### Information provided
══════
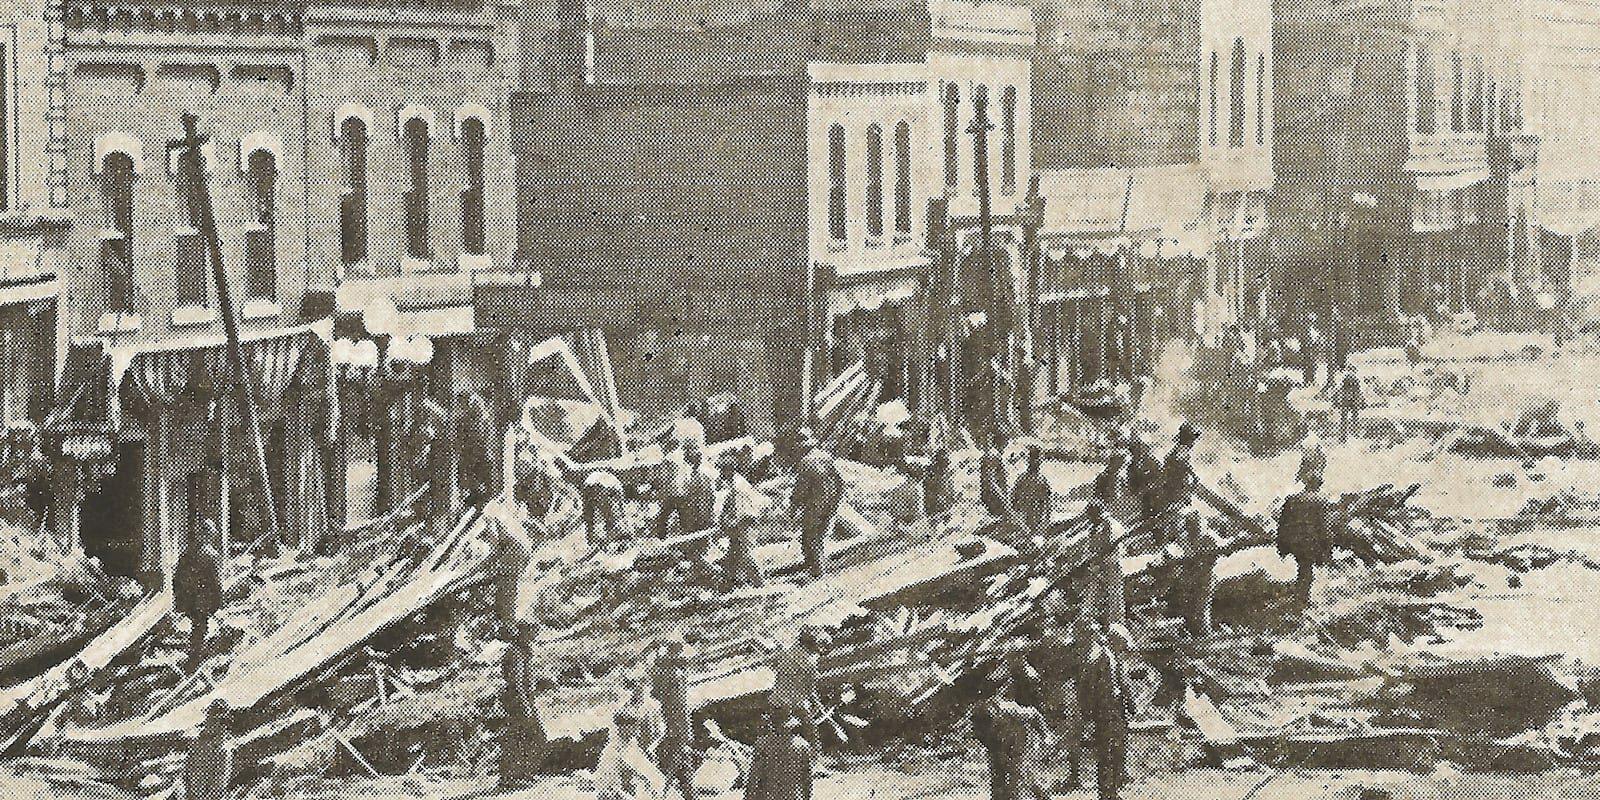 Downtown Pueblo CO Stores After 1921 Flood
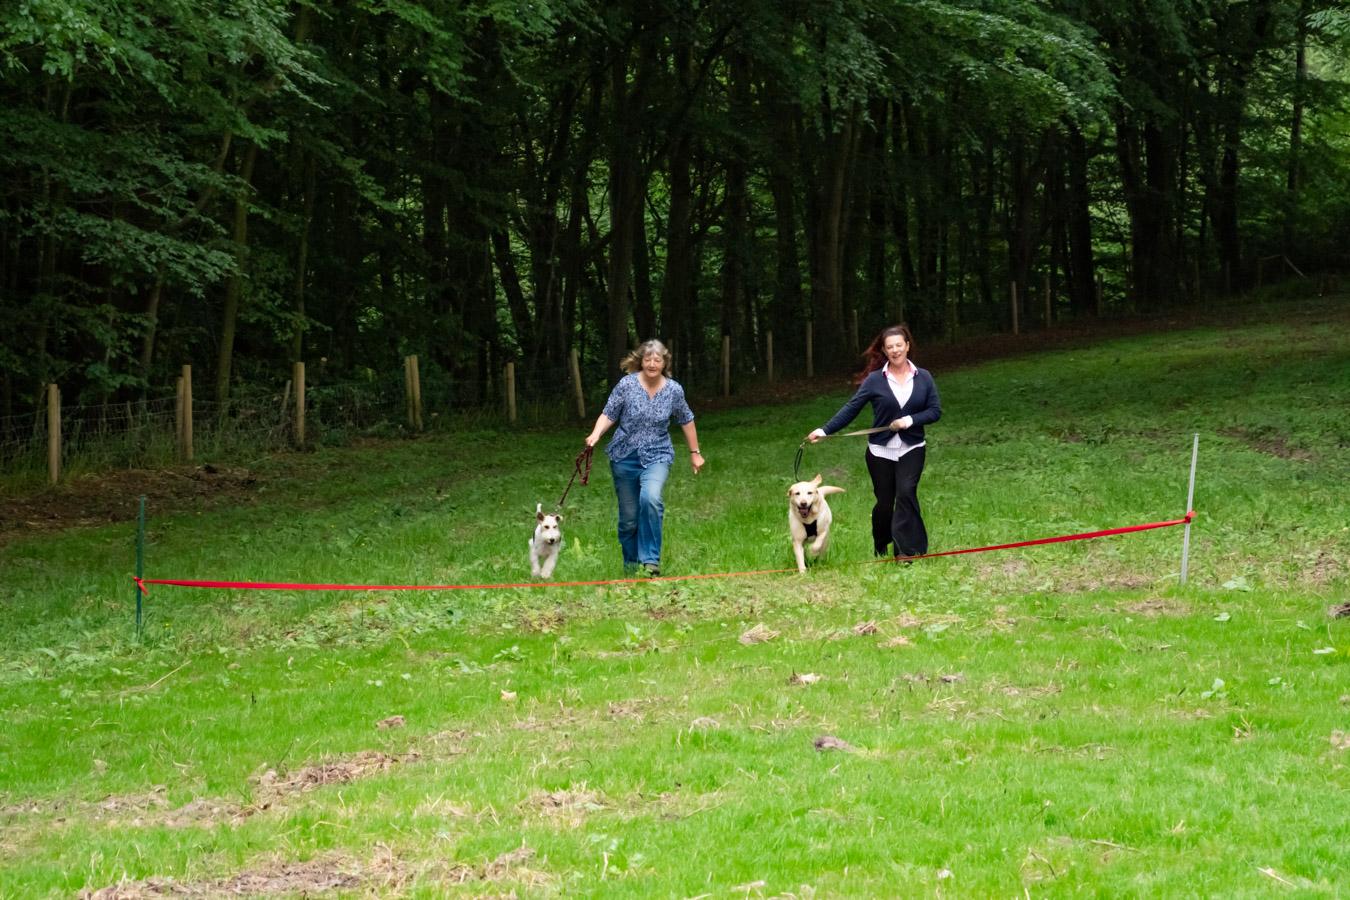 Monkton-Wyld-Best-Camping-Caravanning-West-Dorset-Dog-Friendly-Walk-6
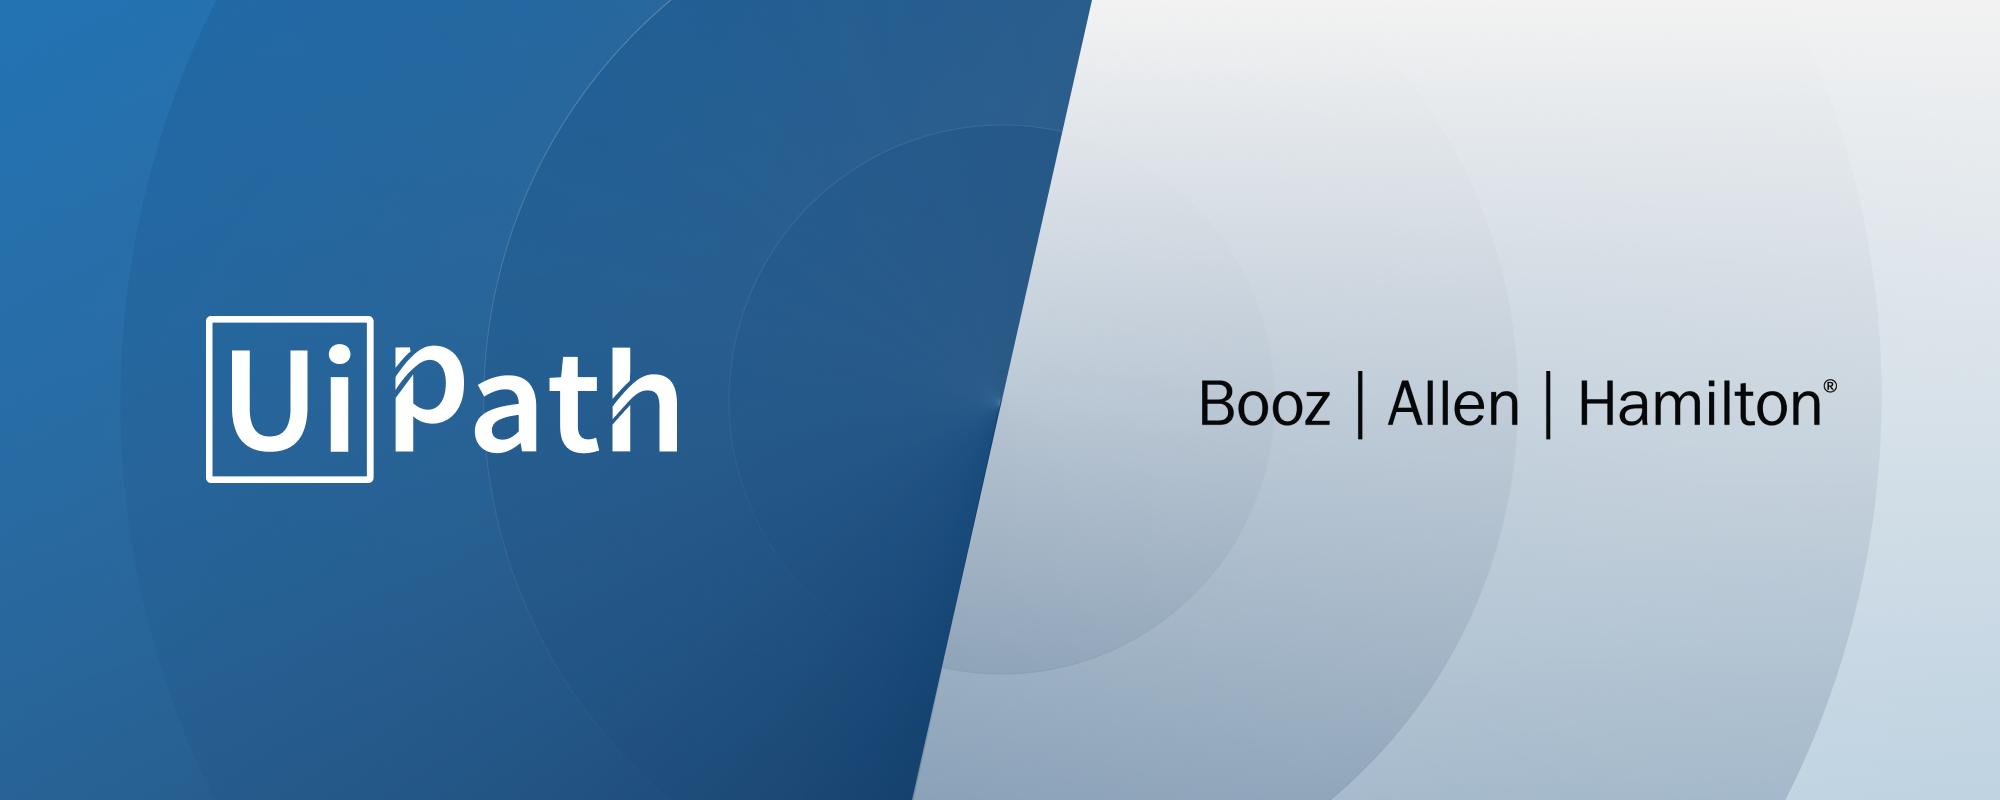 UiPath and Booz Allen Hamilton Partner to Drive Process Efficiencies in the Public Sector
══════
### Task brief
Would you please retype the material above exactly and leave out each picture?

### Solution to this problem
 Downtown Pueblo CO Stores After 1921 Flood
 Monkton-Wyld-Best-Camping-Caravanning-West-Dorset-Dog-Friendly-Walk-6
 UiPath and Booz Allen Hamilton Partner to Drive Process Efficiencies in the Public Sector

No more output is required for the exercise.